Lütfen Znet'e Yardım Edin
Julian Assange'ı, Ekvador büyükelçiliğindeki sığınağından sürüklendikten kısa bir süre sonra, 2019'da Belmarsh hapishanesinde ilk gördüğümde, "Sanırım aklımı kaybediyorum" dedi.
Sıska ve bir deri bir kemikti, gözleri oyuktu ve kollarının inceliği, kurumsal kontrolü çağrıştıran bir simge olan, sol kolunun etrafına bağlanan sarı tanımlayıcı bir bezle vurgulanıyordu.
Ziyaretimin iki saati dışında, Orwell'in ismi olan "sağlık hizmeti" olarak bilinen bir kanatta tek kişilik bir hücrede tutuldu. Yanındaki hücrede derinden rahatsız olan bir adam gece boyunca çığlık attı. Başka bir yolcu ölümcül kanserden muzdaripti. Bir diğeri ciddi şekilde engelliydi.
“Bir gün terapi olarak Monopoly oynamamıza izin verildi” dedi. Bu bizim sağlığımızdı!”
"Bu, Guguk Kuşu Yuvasının Üzerinden Bir Uçtu," dedim.
"Evet, sadece daha çılgın."
Julian'ın kara mizah anlayışı onu sık sık kurtardı ama artık değil. Belmarsh'ta maruz kaldığı sinsi işkencenin yıkıcı etkileri oldu. BM İşkence Özel Raportörü Nils Melzer'in raporlarını ve King's College London'dan emekli nöropsikiyatri profesörü Michael Kopelman ile Dr. Quentin Deeley'nin klinik görüşlerini okuyun ve Amerika'nın mahkemede kiralık katili James Lewis QC'yi küçümsemeyi unutmayın. , bunu "temaruzluk" olarak görmezden geldi.
Özellikle Londra'daki Imperial College'da klinik nöropsikolog olan Dr.

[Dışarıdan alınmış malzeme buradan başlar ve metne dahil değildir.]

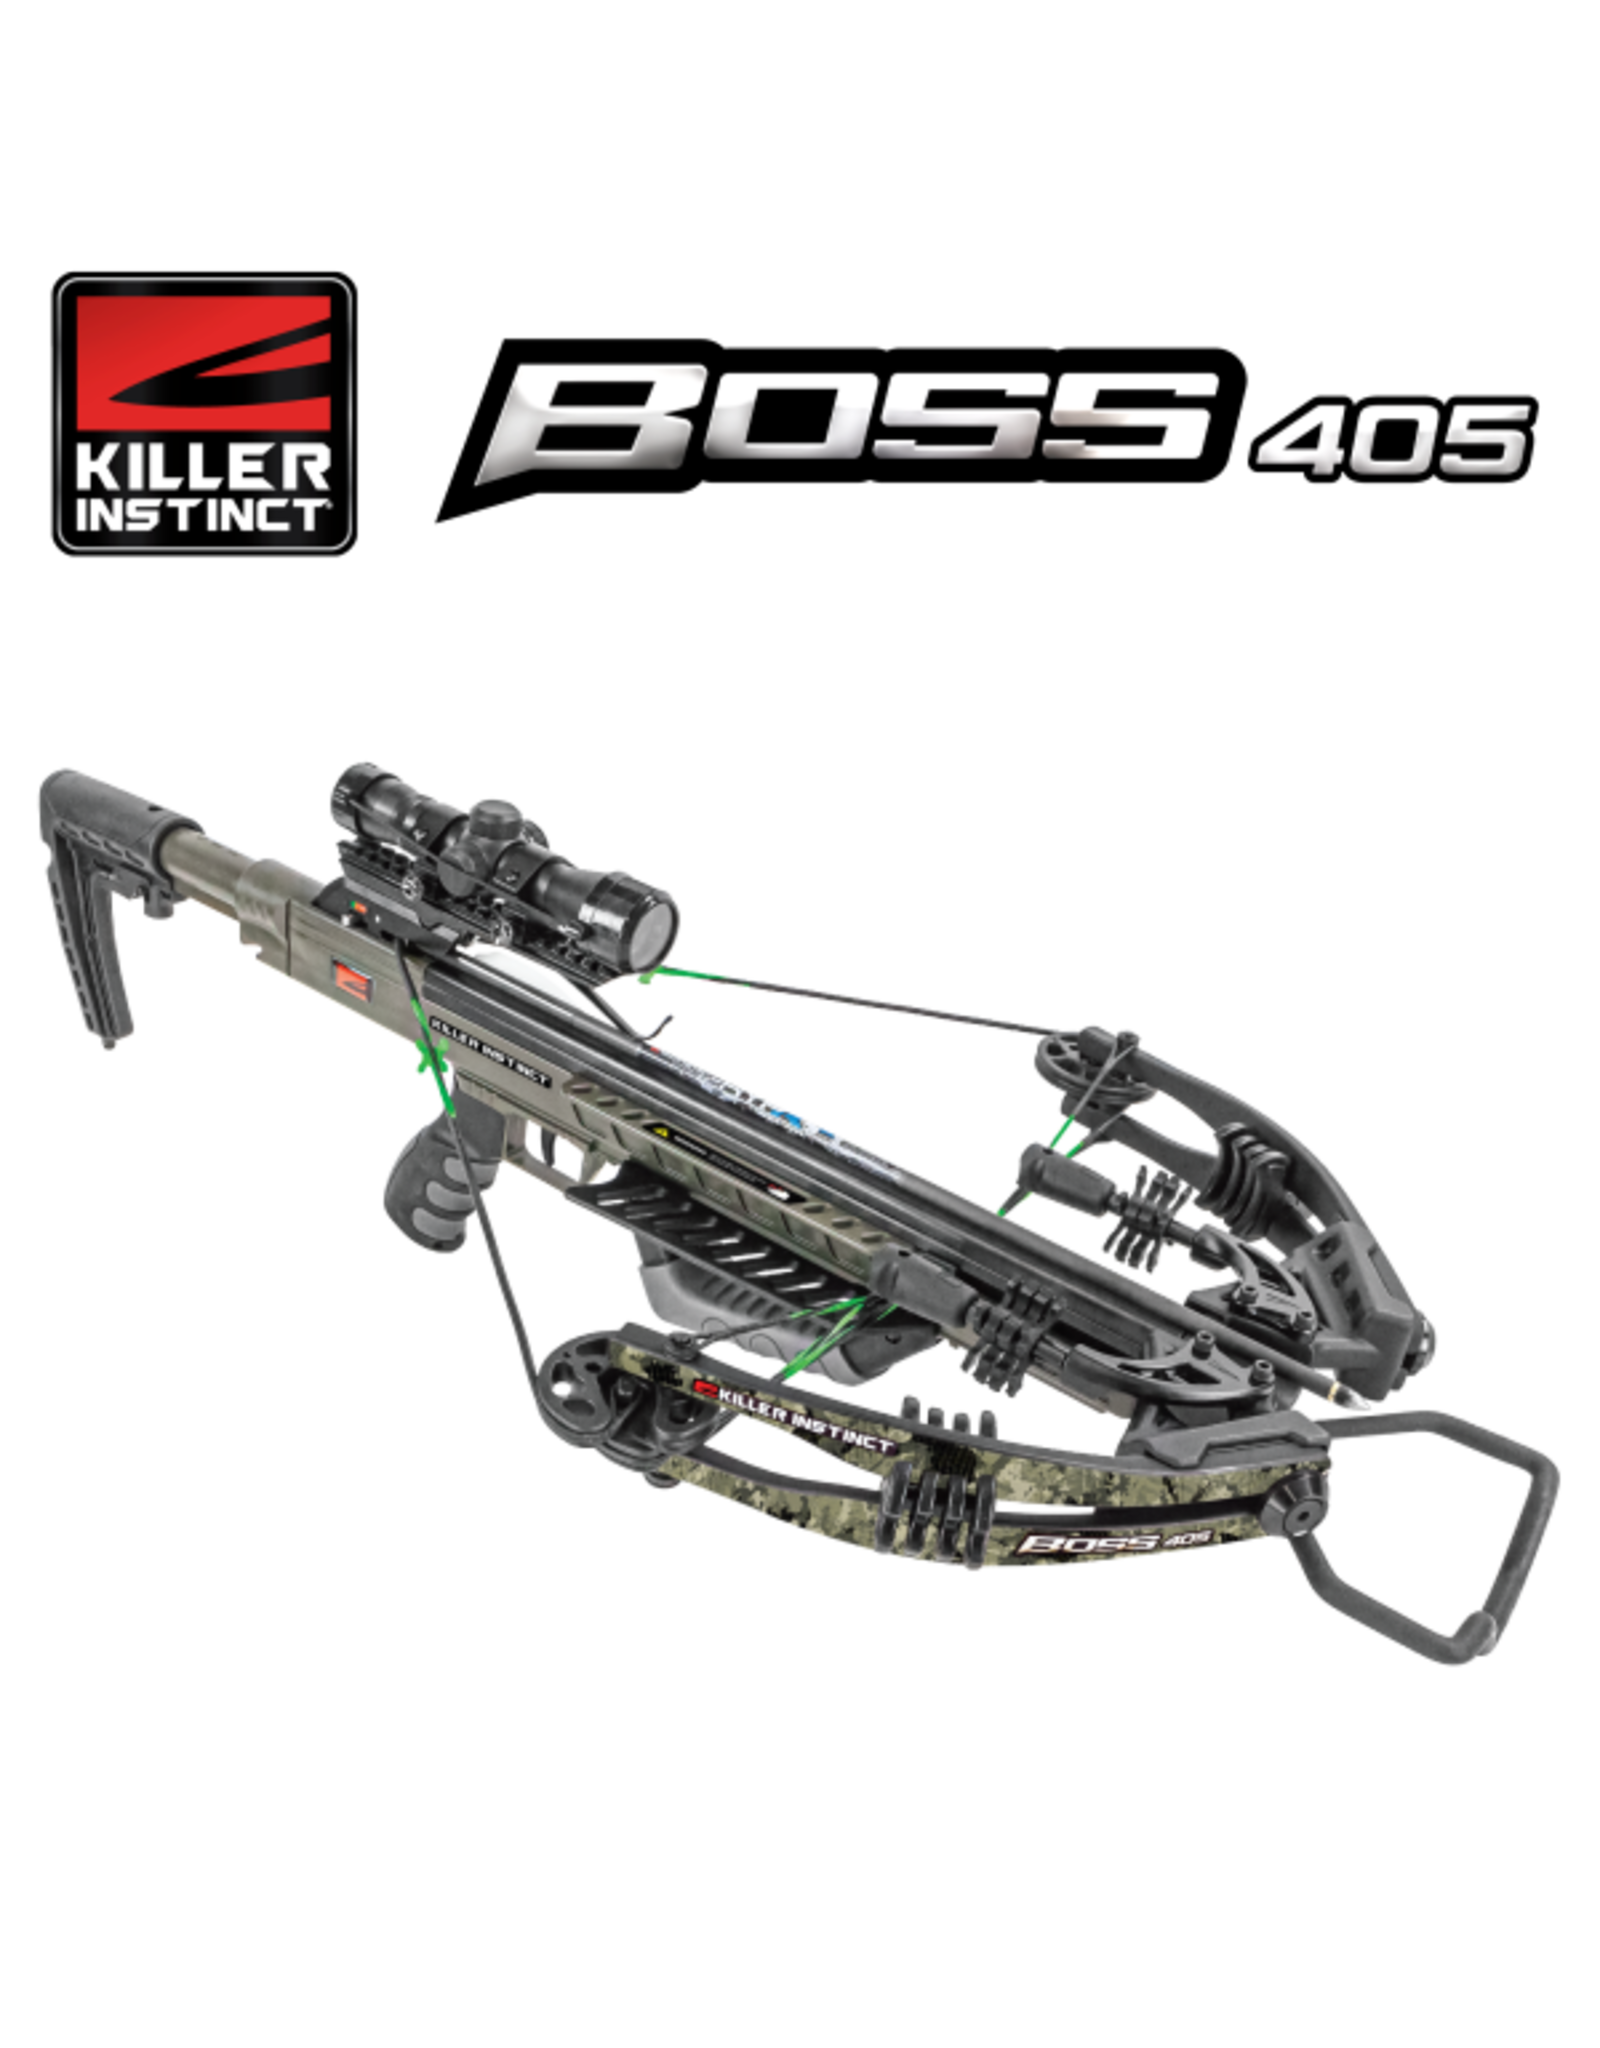 Killer Instinct Boss 405 Crossbow Package

Kate Humphrey'in uzman sözlerinden çok etkilendim. Geçen yıl Old Bailey'e, Julian'ın zekasının "üstün ya da daha büyük ihtimalle çok üstün" seviyeden bu optimal seviyenin "önemli ölçüde altına" düştüğünü, öyle ki bilgiyi özümseme ve "en iyi performansı gösterme" konusunda mücadele ettiği noktaya geldiğini söyledi. düşük ila ortalama aralık”.
Bu utanç verici Kafkaesk dramanın bir başka mahkeme duruşmasında, yargıç tarafından sorulduğunda adını hatırlamakta zorlandığını gördüm.
Belmarsh'taki ilk yılının büyük bölümünde hapisteydi. Uygun egzersiz yapmasına izin verilmediğinden, "kendi yarı maratonum" için küçük hücresi boyunca ileri geri, ileri geri yürüdüğünü söyledi bana. Bu umutsuzluk kokuyordu. Hücresinde bir jilet bulundu. “Veda mektupları” yazdı. Samiriyelileri defalarca aradı.
İlk başta, elçilikten kaçırılmasının vahşeti nedeniyle geride bırakılan okuma gözlüğü ona verilmedi. Gözlükler nihayet hapishaneye ulaştığında günlerce kendisine teslim edilmedi. Avukatı Gareth Peirce, hapishane müdürüne, yasal belgelerin alıkonulmasını, hapishane kütüphanesine erişimi ve davasını hazırlamak için basit bir dizüstü bilgisayar kullanımını protesto eden mektup üstüne mektup yazdı. Hapishanenin cevap vermesi haftalar, hatta aylar alacaktı. (Vali Rob Davis'e Britanya İmparatorluğu Nişanı verilmiştir).
Beyrut'ta rehin almaktan kurtulan bir arkadaşı olan gazeteci Charles Glass tarafından kendisine gönderilen kitaplar iade edildi. Julian Amerikalı avukatlarını arayamadı. Başından beri sürekli ilaç tedavisi gördü. Bir keresinde ona ne verdiklerini sorduğumda söyleyemedi.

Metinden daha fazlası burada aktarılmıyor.